Virginia state government has banned Web-based/app-based car-ride services Uber and Lyft from operating in the state. After applying heavy fines. After demanding the services follow rules originally devised for taxis and limo and bus services.

It seems tantamount to banning the automobile a century ago because the horse-and-buggy regulations on the books didn’t fit.

Uber and Lyft call what they provide “ride-sharing” services, allowing people with smart-phone and tablet apps to “hail” rides they need, from almost anywhere to almost anywhere. The folks providing the rides have signed up and even taken classes, and both parties rate each other after the transaction. Riders can “steer clear” of low-rated drivers if they want. And drivers can not offer rides to low-rated riders, as well.

It’s quite a service.

I first heard about this idea from economist David Friedman, a generation ago. He called it a “jitney” system, and offered it as an alternative to mass transit systems that are just too capital intensive to make a profit while still servicing diverse needs.

Now, the idea is off to a good start with two excellent services. Technology has allowed for safe, low-transaction-cost contracting between strangers. This sort of person-to-person (P2P) revolution could change everything.

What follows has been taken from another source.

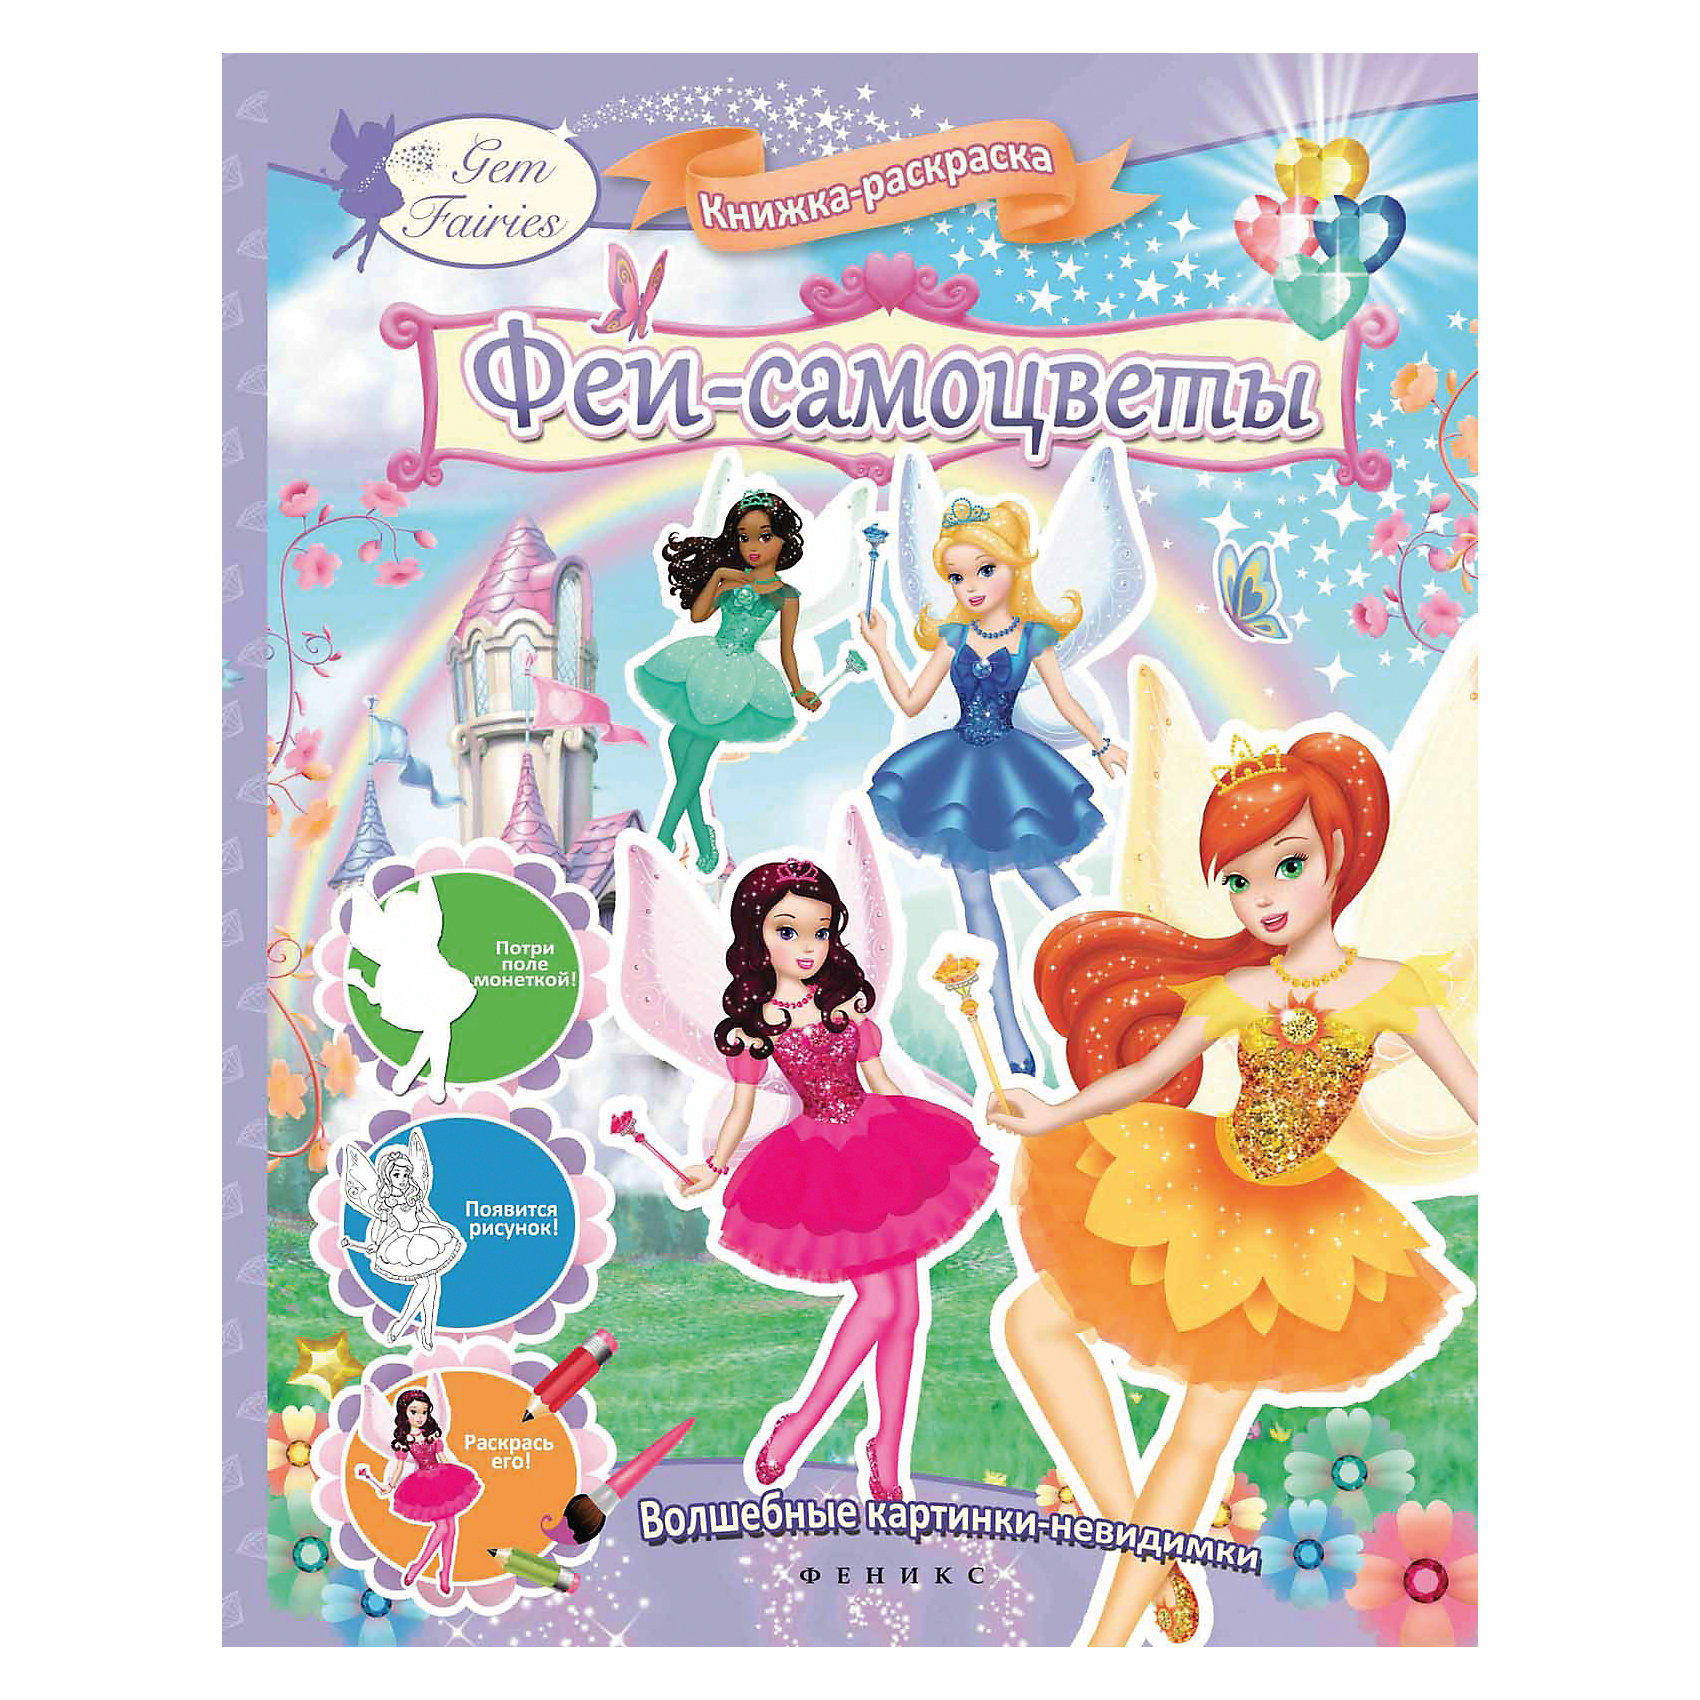 Феи-самоцветы:книжка-раскраскаРисование<br>Gem Fairies - известные во всем мире принцессы, которые умеют превращаться в волшебных фей. Теперь они есть и в России! Развивать мелкую моторику и учиться работать с цветом в компании этих изящных и стильных принцесс<br>занимательно и увлекательно!<br>Это не обычная раскраска, а волшебные картинки-невидимки! В чём их секрет? Потри монеткой белую картинку, и - волшебство! - там появляются контуры раскраски.<br>Принцессы Рубин, Янтарь, Сапфир и Изумруд помогут развить творческие навыки,<br>внимательность и усидчивость и занять ребёнка в течение нескольких часов.<br><br>Ширина мм: 260<br>Глубина мм: 199<br>Высота мм: 1<br>Вес г: 196<br>Возраст от месяцев: 36<br>Возраст до месяцев: 72<br>Пол: Унисекс<br>Возраст: Детский<br>SKU: 5480321

Including government patronage. Or the need for much government regulation. Taxicab services are heavily regulated in most places. The excuse is usually safety and traffic considerations, but let’s be frank: it’s mostly a government power grab. Horning in on territory. Collecting a fee.

Uber and Lyft leverage the capital car-owners invest, and such P2P services are probably the most efficient contracting systems possible. If free market principles should apply to anything, it is jitney services.

So, Virginia, lay off. Free the P2P.

This is Common Sense. I’m Paul Jacob.